## WHAT IS EXPECTED
Give back, unchanged, each line from the one containing "Как сплести круглую" through the last line of the entries below.

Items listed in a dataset

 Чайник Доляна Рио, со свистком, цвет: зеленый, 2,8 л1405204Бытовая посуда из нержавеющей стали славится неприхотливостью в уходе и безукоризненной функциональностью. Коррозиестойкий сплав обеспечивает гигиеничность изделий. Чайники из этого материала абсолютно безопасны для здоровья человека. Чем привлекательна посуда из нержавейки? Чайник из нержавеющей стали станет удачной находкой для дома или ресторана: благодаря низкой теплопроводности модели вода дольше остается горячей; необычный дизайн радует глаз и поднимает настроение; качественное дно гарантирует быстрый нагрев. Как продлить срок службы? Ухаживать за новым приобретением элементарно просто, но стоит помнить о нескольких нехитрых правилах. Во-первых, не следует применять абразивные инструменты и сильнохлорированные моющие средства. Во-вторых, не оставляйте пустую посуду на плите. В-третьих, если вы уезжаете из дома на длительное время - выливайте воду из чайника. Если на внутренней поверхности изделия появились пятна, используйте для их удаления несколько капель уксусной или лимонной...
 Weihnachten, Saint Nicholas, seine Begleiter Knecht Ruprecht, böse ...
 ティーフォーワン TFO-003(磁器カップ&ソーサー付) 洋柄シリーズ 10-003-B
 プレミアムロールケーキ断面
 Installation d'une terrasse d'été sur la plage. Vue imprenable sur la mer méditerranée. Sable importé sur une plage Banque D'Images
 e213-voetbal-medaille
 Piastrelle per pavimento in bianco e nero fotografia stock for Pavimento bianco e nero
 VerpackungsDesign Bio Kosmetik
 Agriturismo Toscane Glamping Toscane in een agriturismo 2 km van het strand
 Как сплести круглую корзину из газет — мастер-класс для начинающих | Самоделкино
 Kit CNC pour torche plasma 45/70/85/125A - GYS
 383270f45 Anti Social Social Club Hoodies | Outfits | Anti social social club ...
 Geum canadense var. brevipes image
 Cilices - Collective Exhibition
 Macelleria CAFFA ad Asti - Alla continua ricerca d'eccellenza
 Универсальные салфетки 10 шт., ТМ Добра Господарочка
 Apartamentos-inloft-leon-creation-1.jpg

## ANSWER TO THE PROBLEM
 Как сплести круглую корзину из газет — мастер-класс для начинающих | Самоделкино
 Kit CNC pour torche plasma 45/70/85/125A - GYS
 383270f45 Anti Social Social Club Hoodies | Outfits | Anti social social club ...
 Geum canadense var. brevipes image
 Cilices - Collective Exhibition
 Macelleria CAFFA ad Asti - Alla continua ricerca d'eccellenza
 Универсальные салфетки 10 шт., ТМ Добра Господарочка
 Apartamentos-inloft-leon-creation-1.jpg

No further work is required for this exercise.